Иван Федотович называет папу Изей, ему можно, они вместе горели в танке. Для мамы он — Исаак, для учеников — Игорь Борисович. Папа и Иван Федотович тянут, не хмелея, наливку и говорят о школе. Случаются и дамские невзгоды: буфетчица потягивает хлеб более приличного ей по должности.
Ранний зимний вечер. Папа с Иваном Федотовичем на кухне за столом. На столе графинчик с терновкой. Но им не пьется. Папа сидит, скособочившись, и глядит, кажется, только в собственные глаза. Иван Федотович монотонно гудит: Изя, ты завтра должен выступить, выступить и осудить. В райкоме на тебя зубы точат, ты единственный завуч — не член партии. Данилыч, падла, подзуживает, райкомовцев на тебя науськивает. Ты должен выступить, ничего от тебя не отвалится.
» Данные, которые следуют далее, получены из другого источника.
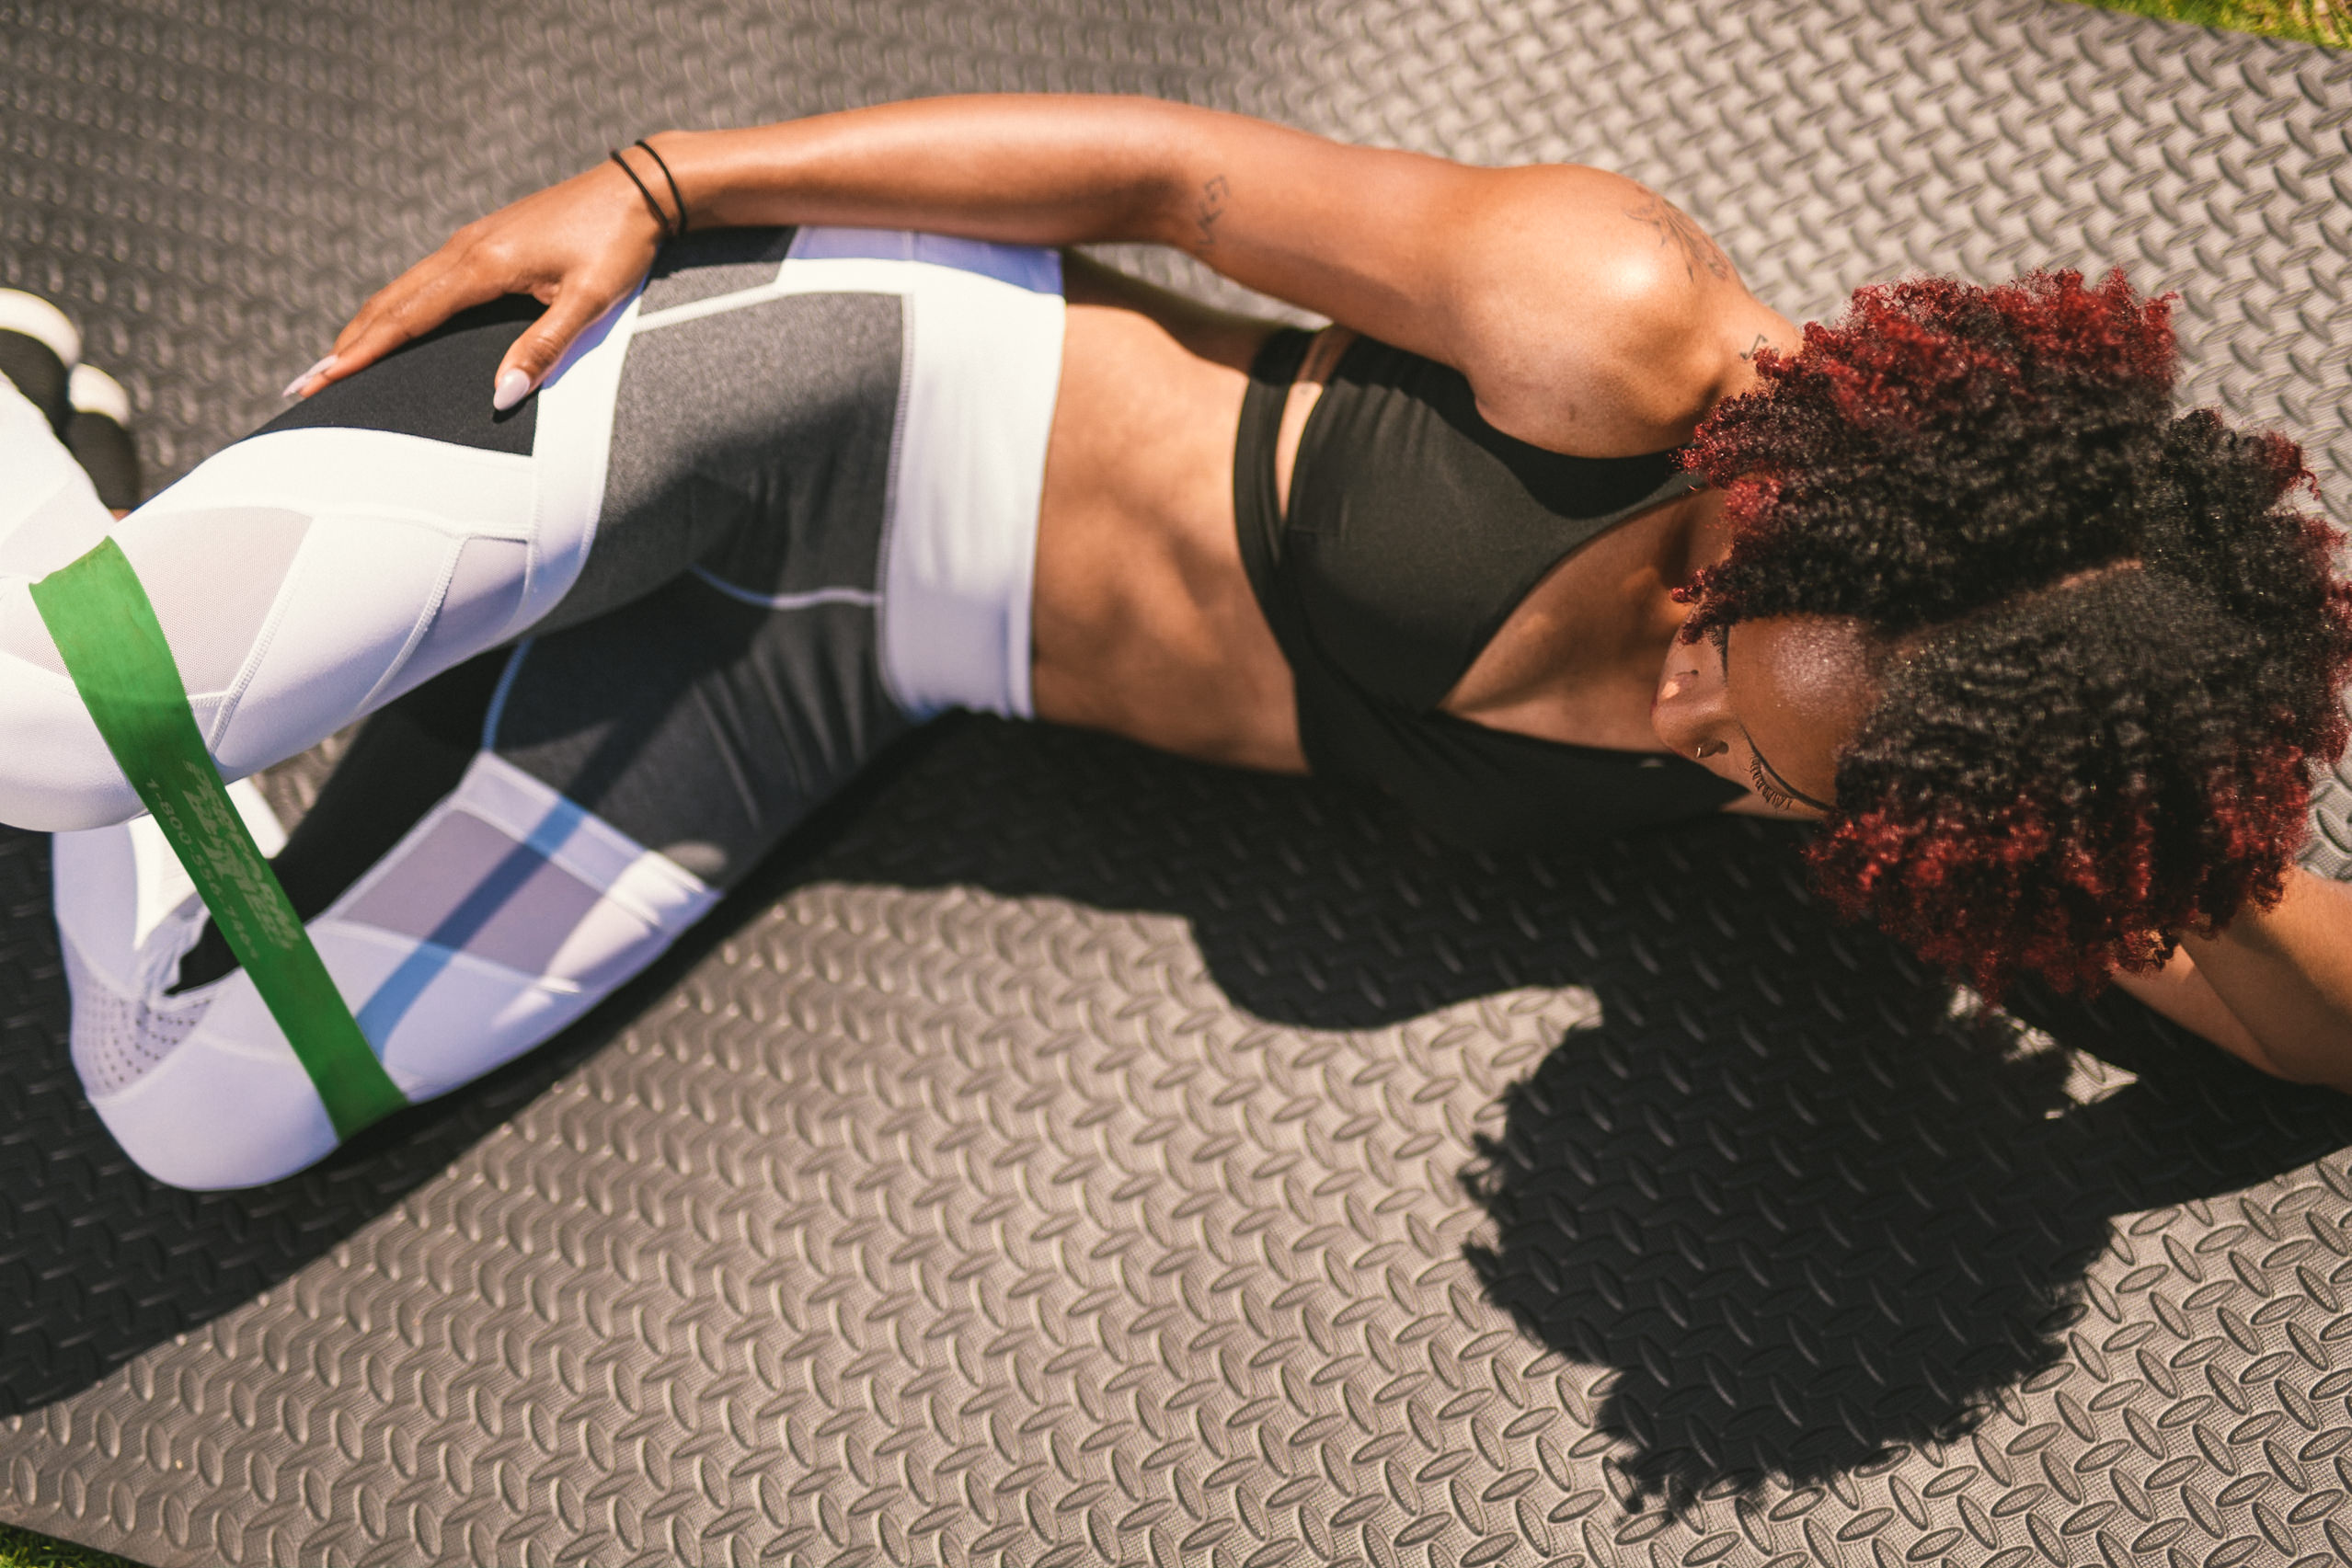 Professional Photography Services to elevate your brand C&I Studios Creative Marketing Kinetix 365 View from above of woman doing stretches with rubber band in track outfit

Папа долго молчит. Потом тихо, чтобы я не слышал, говорит: Ваня, это бред сивой кобылы. Какие врачи-вредители? Херня на постном масле. Ваня, дома ты меня называешь Изей, а на работе Игорь Борисовичем. Тебя это не удивляет? В Сталинграде тебе не мешал Изя?
— Изя, при коммунизме ты опять станешь Исааком, я тебе обещаю, но завтра ты должен сказать.
— Нет, Ваня, Исааком я стану завтра и выступать не буду, хоть режь.
Назавтра назначена общая школьная линейка. Будут разоблачать врачей-вредителей, залечивших Максима Горького и товарища Жданова. Врачи-убийцы как-то непонятно связаны с нами: с папой, мамой и мной. И папе страшно. Все перевязано-перевито этим страхом. Жизнь проходит перед ужасом, тем более парализующим, что все о нем молчат, знают, но молчат.
Да и как не знать. Папин брат, дядя Пиня, был городским сумасшедшим. Несуразный, лопоухий, небритый юродивый, он в любую погоду носился по городу в рваном бушлате, размахивая руками и молотя околесицу. В центре города его все знали и подкармливали. Зимой прошлого года он забрел в столовку, где сердобольная кухарка налила ему тарелку молочной лапши. Вытирая рукавом бушлата слезящиеся с мороза глаза и сербая жидкое, дядя Пиня заявил, что молочную лапшу любит больше, чем Сталина. Ему вкатали пять лет лагерей. В столовке никого, кроме дяди Пини и добросердечной кухарки, не было.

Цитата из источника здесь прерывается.